**Records provided**.
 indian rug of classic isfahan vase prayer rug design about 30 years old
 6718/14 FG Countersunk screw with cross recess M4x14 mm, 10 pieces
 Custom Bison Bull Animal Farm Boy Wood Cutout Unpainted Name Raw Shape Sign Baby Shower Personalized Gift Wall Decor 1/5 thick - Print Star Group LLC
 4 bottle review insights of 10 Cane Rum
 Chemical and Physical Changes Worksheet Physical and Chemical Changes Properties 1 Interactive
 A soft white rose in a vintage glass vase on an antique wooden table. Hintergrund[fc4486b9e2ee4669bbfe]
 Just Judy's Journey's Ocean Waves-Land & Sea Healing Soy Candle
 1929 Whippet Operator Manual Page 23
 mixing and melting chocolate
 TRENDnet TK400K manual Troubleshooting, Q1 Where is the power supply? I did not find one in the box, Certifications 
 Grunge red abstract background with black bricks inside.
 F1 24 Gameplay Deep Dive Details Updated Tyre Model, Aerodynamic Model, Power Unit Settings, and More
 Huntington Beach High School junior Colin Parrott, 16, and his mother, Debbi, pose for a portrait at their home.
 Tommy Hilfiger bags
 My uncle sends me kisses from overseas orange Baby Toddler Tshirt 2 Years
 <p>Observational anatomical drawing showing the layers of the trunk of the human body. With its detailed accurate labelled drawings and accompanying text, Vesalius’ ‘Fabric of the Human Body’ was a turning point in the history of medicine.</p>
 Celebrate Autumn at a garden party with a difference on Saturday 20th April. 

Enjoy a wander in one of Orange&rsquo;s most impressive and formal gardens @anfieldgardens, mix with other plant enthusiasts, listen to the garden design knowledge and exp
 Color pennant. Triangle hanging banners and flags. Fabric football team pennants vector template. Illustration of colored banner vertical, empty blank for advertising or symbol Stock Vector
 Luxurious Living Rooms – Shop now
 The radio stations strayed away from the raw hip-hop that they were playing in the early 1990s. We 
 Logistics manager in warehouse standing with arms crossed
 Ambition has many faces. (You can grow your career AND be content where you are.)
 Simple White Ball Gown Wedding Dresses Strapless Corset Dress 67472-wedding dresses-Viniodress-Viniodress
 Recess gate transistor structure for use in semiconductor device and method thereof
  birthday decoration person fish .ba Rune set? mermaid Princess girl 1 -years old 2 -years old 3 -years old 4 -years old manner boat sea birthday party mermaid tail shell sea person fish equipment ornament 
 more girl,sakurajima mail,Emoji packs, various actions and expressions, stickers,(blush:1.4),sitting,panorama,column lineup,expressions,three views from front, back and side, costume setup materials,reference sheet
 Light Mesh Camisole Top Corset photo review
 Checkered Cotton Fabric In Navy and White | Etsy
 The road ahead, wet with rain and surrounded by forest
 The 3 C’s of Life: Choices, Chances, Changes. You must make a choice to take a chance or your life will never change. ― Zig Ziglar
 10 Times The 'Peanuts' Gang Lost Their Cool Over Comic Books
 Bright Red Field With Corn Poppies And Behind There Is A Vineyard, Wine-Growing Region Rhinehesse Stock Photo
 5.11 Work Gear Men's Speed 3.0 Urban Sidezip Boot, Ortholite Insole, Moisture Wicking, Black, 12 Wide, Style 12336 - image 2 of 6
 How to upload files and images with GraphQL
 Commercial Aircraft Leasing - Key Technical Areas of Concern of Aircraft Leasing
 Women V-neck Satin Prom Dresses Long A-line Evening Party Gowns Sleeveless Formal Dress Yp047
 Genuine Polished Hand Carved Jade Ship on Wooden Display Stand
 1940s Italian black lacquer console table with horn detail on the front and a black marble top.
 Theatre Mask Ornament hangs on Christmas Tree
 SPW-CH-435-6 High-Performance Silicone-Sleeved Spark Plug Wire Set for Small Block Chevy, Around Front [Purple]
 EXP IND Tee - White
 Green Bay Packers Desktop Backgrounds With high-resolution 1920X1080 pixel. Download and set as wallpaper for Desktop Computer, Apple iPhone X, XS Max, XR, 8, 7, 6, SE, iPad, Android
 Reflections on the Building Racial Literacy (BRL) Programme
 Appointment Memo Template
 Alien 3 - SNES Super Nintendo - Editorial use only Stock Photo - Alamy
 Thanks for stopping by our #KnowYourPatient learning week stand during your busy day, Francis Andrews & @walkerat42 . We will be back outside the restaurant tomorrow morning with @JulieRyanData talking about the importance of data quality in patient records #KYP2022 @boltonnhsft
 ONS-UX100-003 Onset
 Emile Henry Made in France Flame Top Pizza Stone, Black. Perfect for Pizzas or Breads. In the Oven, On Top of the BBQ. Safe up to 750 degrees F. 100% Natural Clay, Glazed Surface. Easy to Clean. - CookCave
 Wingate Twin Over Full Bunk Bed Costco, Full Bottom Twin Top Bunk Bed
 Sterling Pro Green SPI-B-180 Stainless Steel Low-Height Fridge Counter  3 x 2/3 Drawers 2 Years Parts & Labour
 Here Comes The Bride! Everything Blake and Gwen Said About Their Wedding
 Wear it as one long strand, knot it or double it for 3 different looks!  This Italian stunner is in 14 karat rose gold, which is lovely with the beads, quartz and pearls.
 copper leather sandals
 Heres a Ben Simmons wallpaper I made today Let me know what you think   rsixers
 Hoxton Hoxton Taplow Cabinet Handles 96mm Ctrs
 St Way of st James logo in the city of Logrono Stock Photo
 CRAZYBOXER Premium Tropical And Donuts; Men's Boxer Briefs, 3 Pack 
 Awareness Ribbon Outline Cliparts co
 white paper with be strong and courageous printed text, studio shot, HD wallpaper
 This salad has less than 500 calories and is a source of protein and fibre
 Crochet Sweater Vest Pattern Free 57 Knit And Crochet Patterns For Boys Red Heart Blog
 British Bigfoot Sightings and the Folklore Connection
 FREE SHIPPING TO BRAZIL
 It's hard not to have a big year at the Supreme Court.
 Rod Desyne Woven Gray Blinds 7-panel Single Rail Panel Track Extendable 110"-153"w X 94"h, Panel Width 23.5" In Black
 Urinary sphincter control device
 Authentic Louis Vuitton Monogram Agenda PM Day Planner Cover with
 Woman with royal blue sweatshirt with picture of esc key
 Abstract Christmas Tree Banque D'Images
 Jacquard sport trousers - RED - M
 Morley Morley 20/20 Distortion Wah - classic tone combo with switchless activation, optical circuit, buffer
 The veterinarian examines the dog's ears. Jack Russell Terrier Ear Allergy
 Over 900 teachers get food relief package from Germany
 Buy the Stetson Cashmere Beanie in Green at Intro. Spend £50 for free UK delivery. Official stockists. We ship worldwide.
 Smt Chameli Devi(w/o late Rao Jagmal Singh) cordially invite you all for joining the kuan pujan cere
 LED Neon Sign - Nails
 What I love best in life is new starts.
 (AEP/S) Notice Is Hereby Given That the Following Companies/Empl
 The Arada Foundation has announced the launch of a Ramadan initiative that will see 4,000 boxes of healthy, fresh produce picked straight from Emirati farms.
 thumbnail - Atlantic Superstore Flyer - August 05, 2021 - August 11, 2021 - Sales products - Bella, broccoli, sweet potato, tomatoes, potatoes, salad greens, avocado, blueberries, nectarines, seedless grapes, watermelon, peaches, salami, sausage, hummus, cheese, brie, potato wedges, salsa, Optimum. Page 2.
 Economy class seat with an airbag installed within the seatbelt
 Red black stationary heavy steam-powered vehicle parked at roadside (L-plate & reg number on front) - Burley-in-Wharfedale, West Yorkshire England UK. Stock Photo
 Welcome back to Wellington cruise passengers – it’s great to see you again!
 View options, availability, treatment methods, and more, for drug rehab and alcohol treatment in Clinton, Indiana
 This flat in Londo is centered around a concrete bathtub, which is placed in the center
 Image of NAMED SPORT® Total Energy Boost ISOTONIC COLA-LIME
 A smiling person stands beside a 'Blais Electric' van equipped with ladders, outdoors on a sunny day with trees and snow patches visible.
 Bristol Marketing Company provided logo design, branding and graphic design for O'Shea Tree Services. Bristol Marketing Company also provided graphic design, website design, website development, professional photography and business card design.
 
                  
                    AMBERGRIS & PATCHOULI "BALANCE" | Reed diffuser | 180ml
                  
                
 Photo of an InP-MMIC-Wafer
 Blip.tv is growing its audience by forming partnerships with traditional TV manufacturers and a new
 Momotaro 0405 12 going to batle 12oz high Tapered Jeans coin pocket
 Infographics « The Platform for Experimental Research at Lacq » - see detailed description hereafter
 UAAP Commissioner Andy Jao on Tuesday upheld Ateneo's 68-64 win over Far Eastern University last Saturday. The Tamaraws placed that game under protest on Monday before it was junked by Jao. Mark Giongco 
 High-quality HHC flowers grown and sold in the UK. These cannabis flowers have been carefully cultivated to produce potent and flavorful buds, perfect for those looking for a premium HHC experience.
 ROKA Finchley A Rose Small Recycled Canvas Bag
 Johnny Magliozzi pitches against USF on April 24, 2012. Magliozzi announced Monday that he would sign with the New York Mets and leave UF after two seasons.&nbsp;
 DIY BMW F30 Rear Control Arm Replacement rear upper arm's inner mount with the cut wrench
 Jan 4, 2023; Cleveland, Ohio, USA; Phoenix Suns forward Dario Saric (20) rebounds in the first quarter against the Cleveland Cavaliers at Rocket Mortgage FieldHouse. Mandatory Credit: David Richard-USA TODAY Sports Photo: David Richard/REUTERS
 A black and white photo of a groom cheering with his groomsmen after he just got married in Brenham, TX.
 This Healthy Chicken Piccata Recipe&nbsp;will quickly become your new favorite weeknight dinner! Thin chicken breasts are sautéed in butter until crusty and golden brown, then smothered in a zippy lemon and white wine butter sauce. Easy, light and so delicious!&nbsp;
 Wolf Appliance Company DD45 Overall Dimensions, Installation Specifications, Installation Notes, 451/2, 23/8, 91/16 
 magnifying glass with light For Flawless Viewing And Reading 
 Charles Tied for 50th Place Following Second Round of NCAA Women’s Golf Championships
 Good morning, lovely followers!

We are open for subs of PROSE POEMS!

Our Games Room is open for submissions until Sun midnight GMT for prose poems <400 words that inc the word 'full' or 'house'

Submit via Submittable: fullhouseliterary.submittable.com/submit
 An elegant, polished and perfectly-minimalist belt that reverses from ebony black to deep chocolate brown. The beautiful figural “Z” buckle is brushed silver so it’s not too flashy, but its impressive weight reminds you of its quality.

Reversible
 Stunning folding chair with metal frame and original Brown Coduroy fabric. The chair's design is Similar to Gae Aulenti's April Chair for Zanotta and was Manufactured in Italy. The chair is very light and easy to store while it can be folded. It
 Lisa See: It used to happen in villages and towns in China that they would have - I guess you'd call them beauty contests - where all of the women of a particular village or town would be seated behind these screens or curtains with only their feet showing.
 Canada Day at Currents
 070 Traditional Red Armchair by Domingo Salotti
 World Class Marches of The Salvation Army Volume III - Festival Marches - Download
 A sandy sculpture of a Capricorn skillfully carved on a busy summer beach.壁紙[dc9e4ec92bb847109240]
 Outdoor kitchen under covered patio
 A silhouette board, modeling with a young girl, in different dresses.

**Exercise brief**. Set down the lines of the listing above verbatim, first line through the line containing "mixing and melting chocolate", inclusive; add no other lines.

**Result for this exercise**.
 indian rug of classic isfahan vase prayer rug design about 30 years old
 6718/14 FG Countersunk screw with cross recess M4x14 mm, 10 pieces
 Custom Bison Bull Animal Farm Boy Wood Cutout Unpainted Name Raw Shape Sign Baby Shower Personalized Gift Wall Decor 1/5 thick - Print Star Group LLC
 4 bottle review insights of 10 Cane Rum
 Chemical and Physical Changes Worksheet Physical and Chemical Changes Properties 1 Interactive
 A soft white rose in a vintage glass vase on an antique wooden table. Hintergrund[fc4486b9e2ee4669bbfe]
 Just Judy's Journey's Ocean Waves-Land & Sea Healing Soy Candle
 1929 Whippet Operator Manual Page 23
 mixing and melting chocolate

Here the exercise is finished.